Wednesday, January 21, 2009

Day One: Guantanamo

From Glenn Greenwald via Andrew Sullivan:
It appears that the Guantanamo judges will be receptive to the Obama administration's request to stay these commissions, as another military judge -- this one overseeing the proceedings against five detainees accused of involvement in the 9/11 attacks, including Khalid Sheikh Mohammed -- just ordered the commissions stayed for 120 days, as Obama ordered his prosecutors to request. And the Swiss Government today announced that it will agree to accept released Guantanamo detainees if that helps close the camp, which Switzerland, like most of the civilized world, considers a blight on Western justice and an ongoing violation of international law. Those are fairly rapid (and encouraging) events for the first 24 hours.

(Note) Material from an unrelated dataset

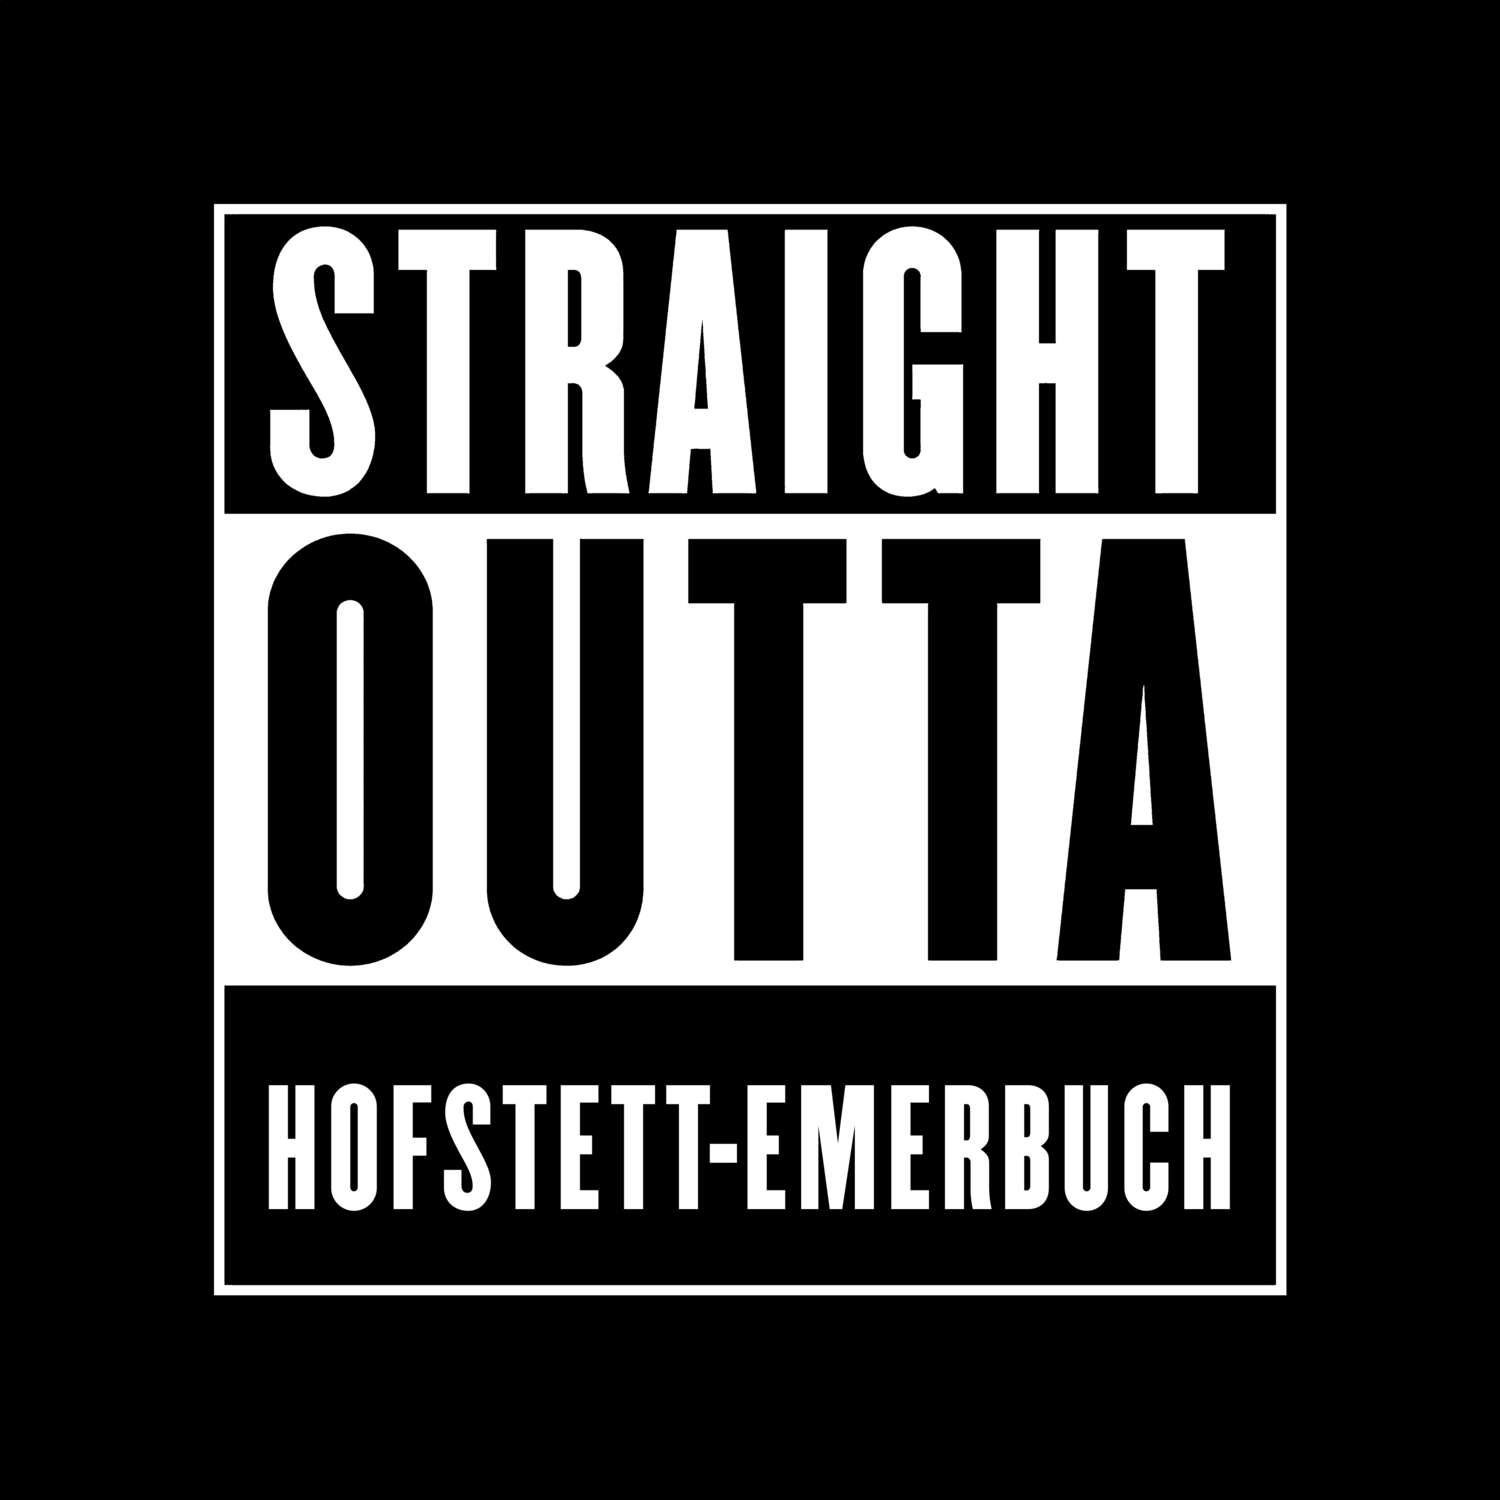 Hofstett-Emerbuch T-Shirt »Straight Outta«
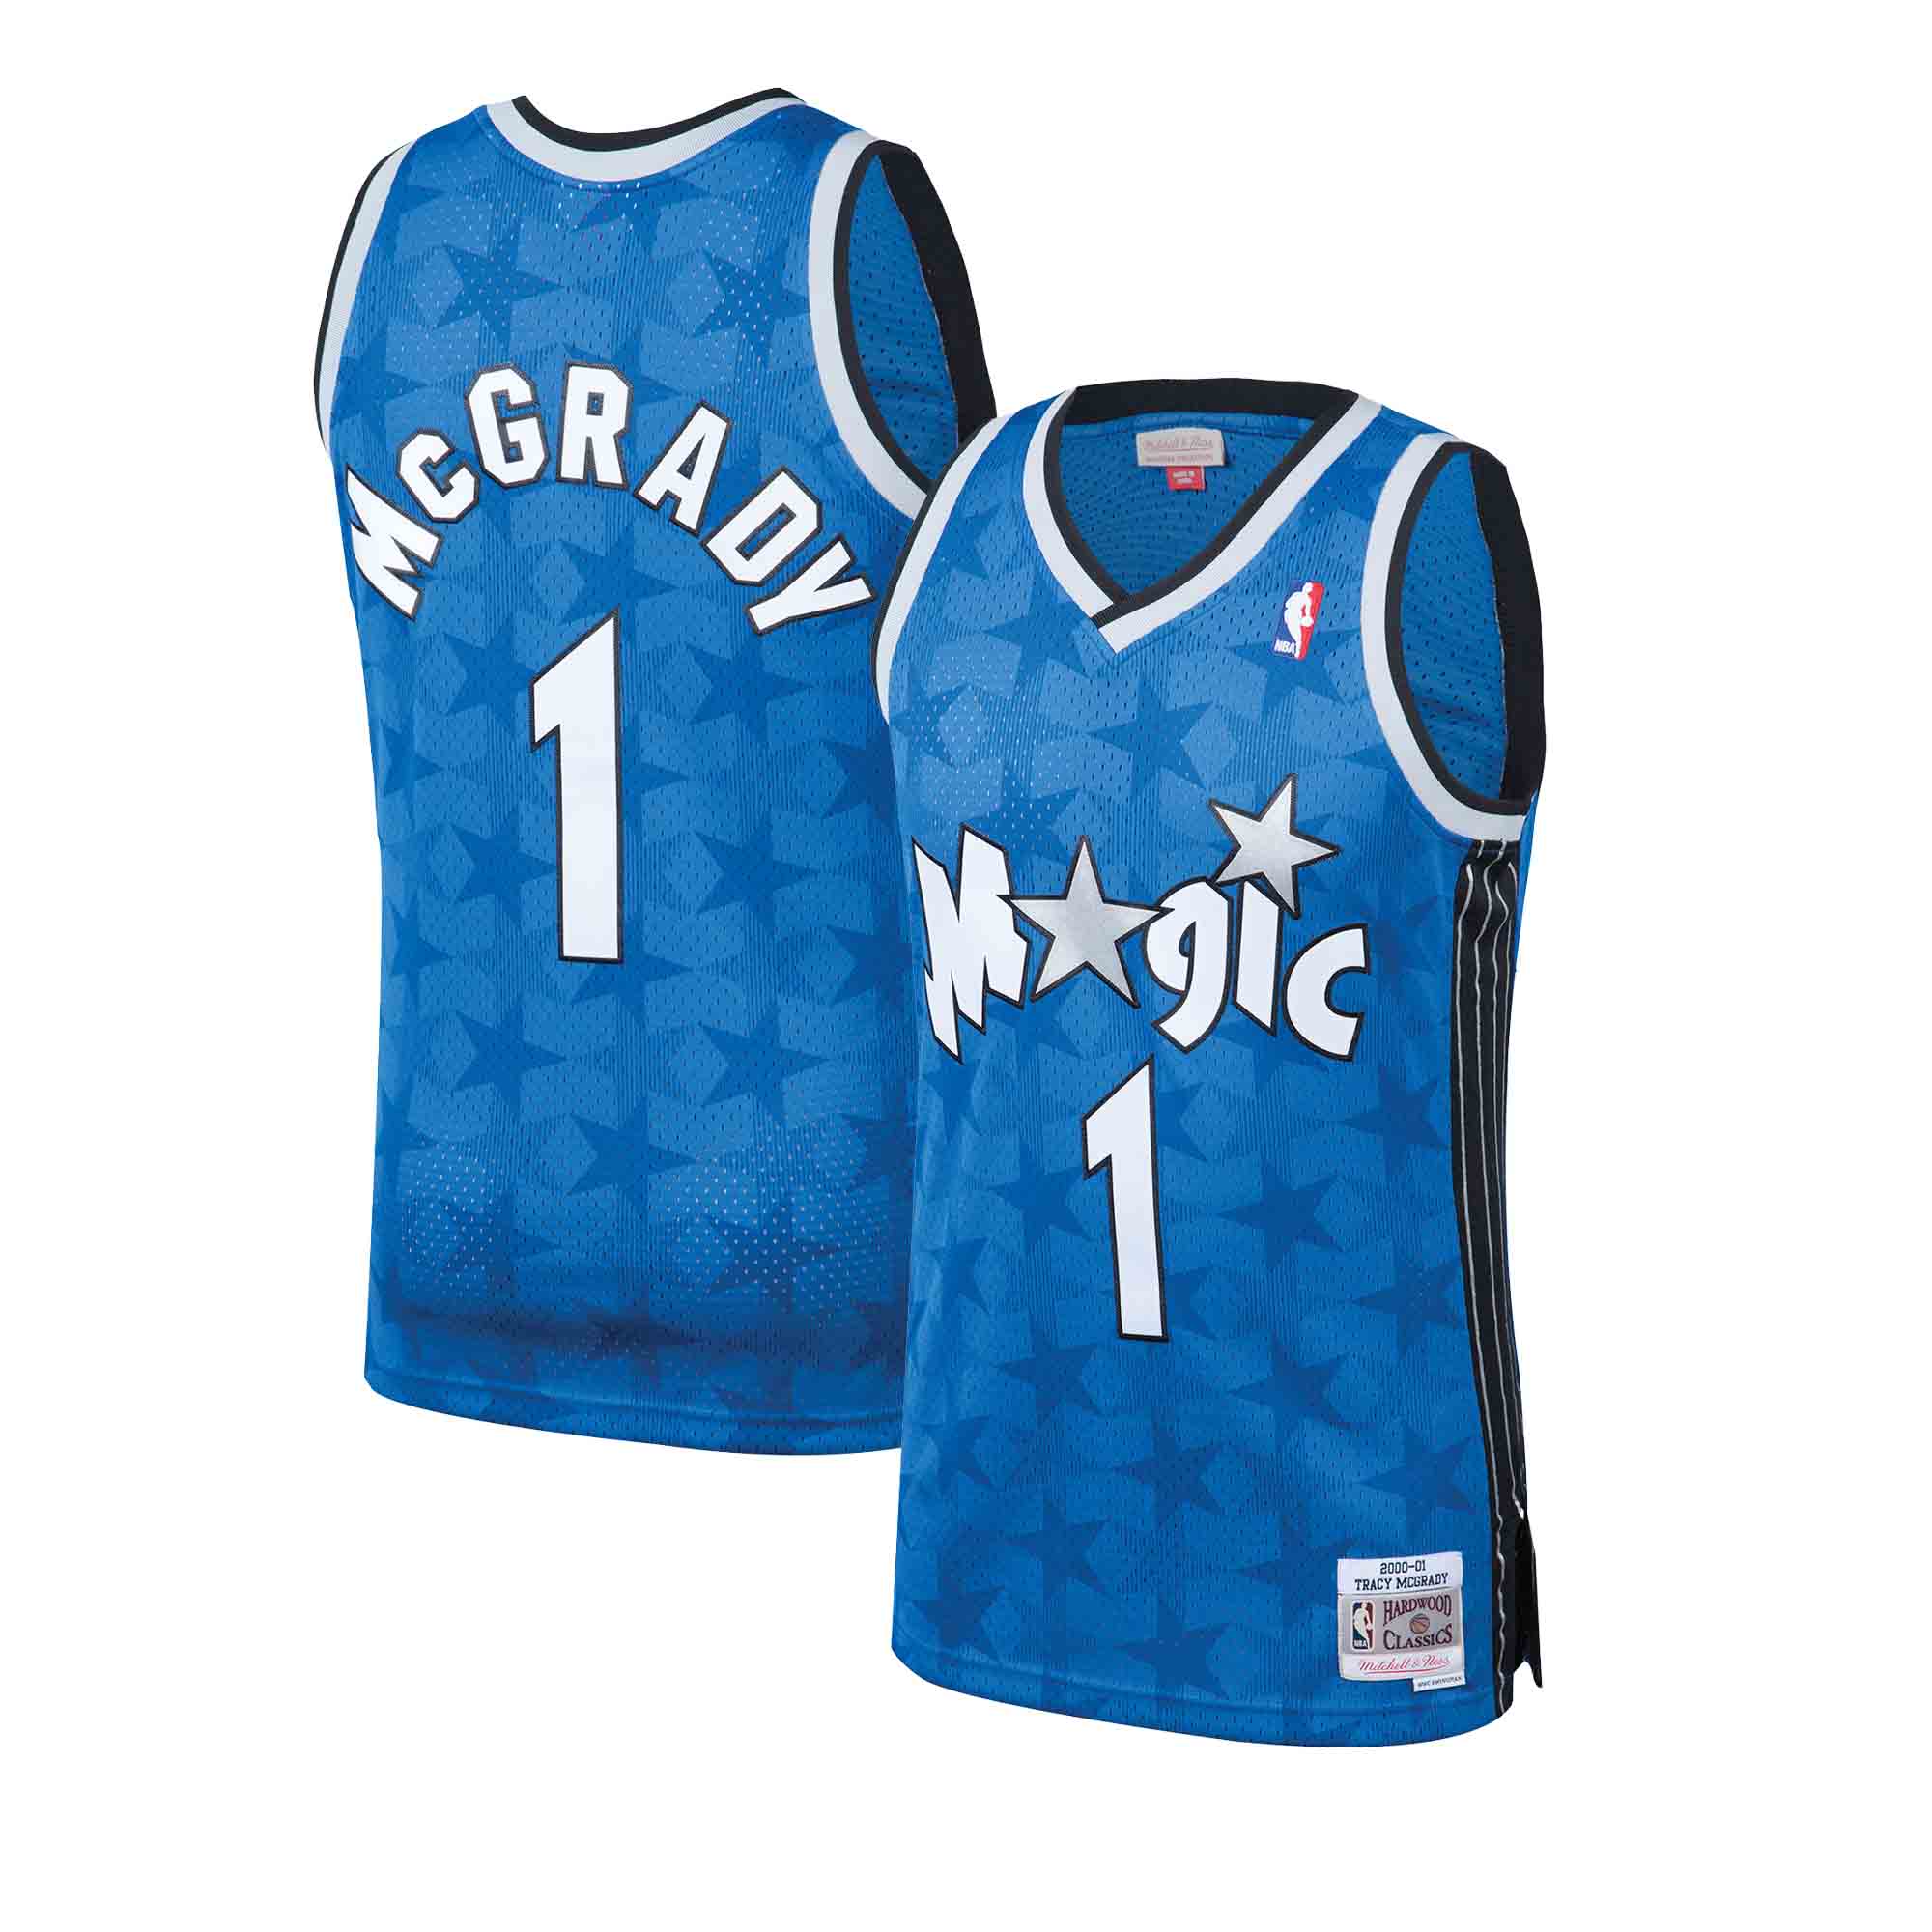 Tracy McGrady Orlando Magic Jerseys, Tracy McGrady Shirts, Magic Apparel, Tracy  McGrady Gear

I know you really don't want to know about this. I don't either. But it is Day One, so somebody thinks it's important.
In December, 2003, when he was (at most) 18 years old, Jawad -- according to Guantanamo prison logs -- attempted to kill himself. In 2004, he was subjected to the so-called "frequent flier" program, where, in a two-week period alone, he was moved to a new cell 112 times -- an average of every 3 hours, in order to ensure he was sleep deprived and disoriented. Over the six years at Guantanamo, Jawad was repeatedly subjected to extreme cold, bright lights, and various stress positions. He was often kept in solitary confinement or in "linguistic confinement," isolated from anyone who spoke his only language (Pashto). As recently as May of 2008, while Jawad was at Guantanamo, he was beaten so badly by guards that, weeks later, he still had extreme bruises on his arms, knees, shoulders, forehead and ribs.

This is documented, folks, by his original prosecutor, who resigned from the case in protest. Greenwald has the links. You cannot say, as the Germans did , that you didn't know.